The objective of the study at the RWTH Aachen University in 2016 was to determine the hydraulic roughness of geosynthetic concrete mattresses as a basis for the design in practice-oriented applications such as canal linings. For this purpose, a hybrid model approach was used, that combined physical model tests and numerical modelling. The skin and form roughness of full-scale uniform mattresses were investigated in the laboratory flume of the Institute of Hydraulic Engineering and Water Resource Management at RWTH Aachen University. As the tests were performed in real scale, model effects could be eliminated and neglected. The experimental tests provided a data base to calibrate and validate a numerical model for analyzing the influence of the geosynthetic mattress shape on the hydraulic roughness. As a result, the hydraulic roughness of geotextile mattresses was quantified.

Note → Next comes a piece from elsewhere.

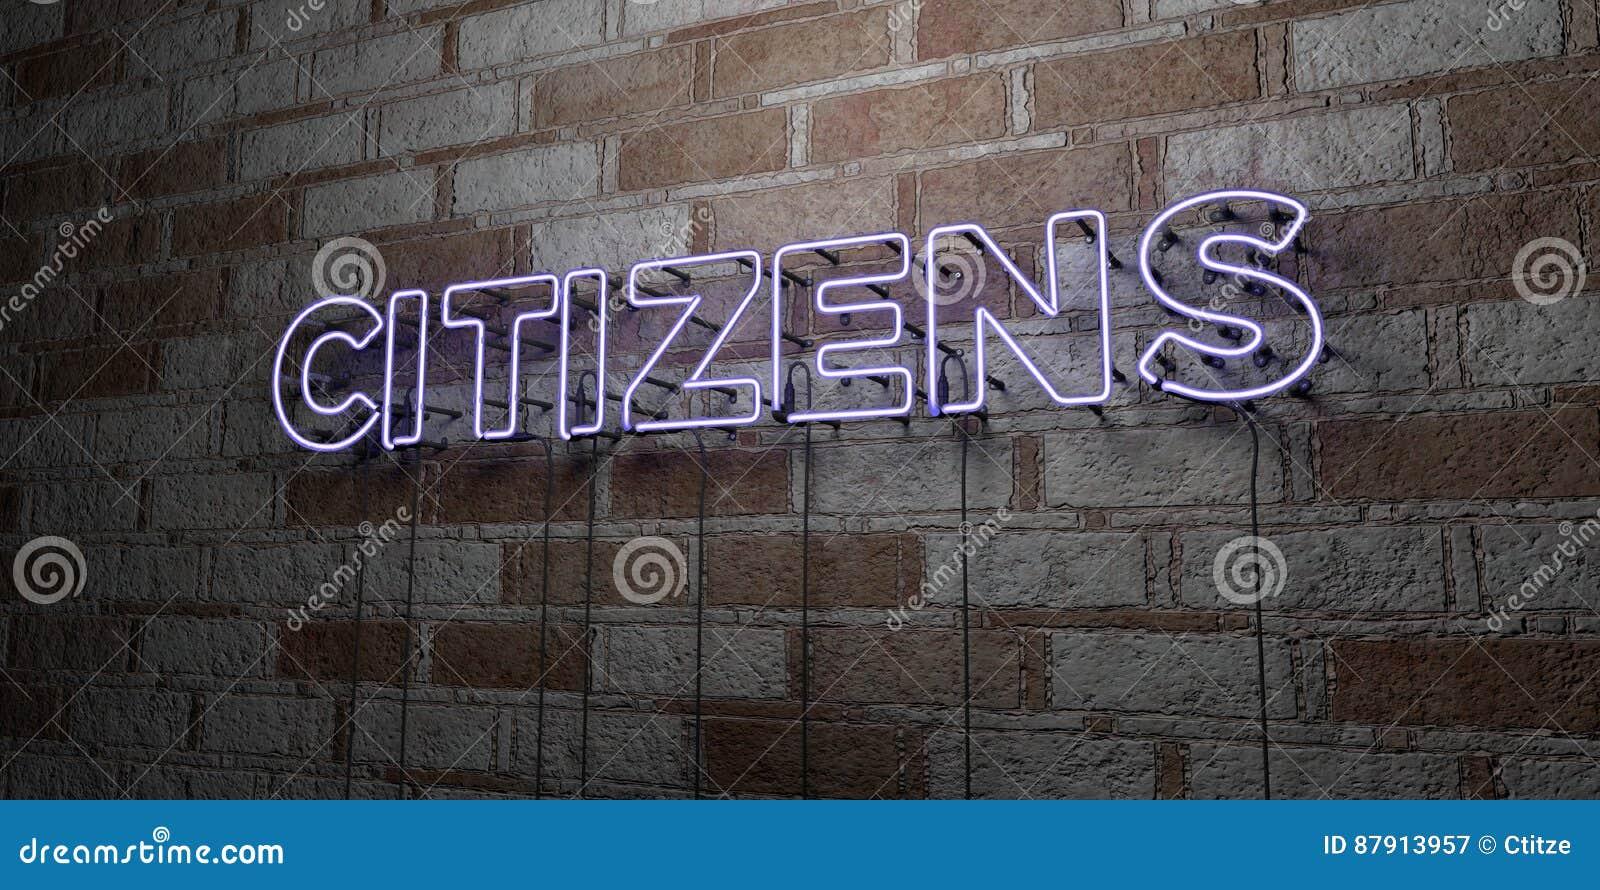 ΠΟΛΙΤΕΣ - Καμμένος σημάδι νέου στον τοίχο τοιχοποιιών - τρισδιάστατο δικαίωμα ελεύθερη απεικόνιση αποθεμάτων

In order to describe and analyze the ice load resistance of the concrete mattress system large scale field trials were conducted at the shore of the Saratov Reservoir, which is an impoundment of the river Wolga. The field work was scientifically supervised by the Samara State University of Architecture and Civil Engineering (SSUACE), Samara, Russia. During the winter period of 2014/2015 the climate conditions and the ice thickness were continuously monitored. In addition to the field trials laboratory tests were carried out. Based on the insights of these two investigations in consideration of the existing gost standards a new design method for the ice load resistance of geoysynthetic concrete mattresses was derived.
The scope of the paper is to present a summary of the findings of the two different research projects. Furthermore the paper will illustrate the applicability and practicability of the system by showing some recently executed projects like the repair works at a German waterway. Due to the leakage of the existing asphalt revetment maintenance at the Main-Donau-Canal was required. Water reed rhizomes had perforated the lining layer. The mattress system was selected because of the potential installation under water while the ship traffic could continue. Another large scale example with the installation of approximately 150,000 m² mattress is the rehabilitation of a hydro-electric power plant canal close to Munich.
In summary the scientific research in combination with the long term experience and the recently executed projects will demonstrate the reliability of the rediscovered system.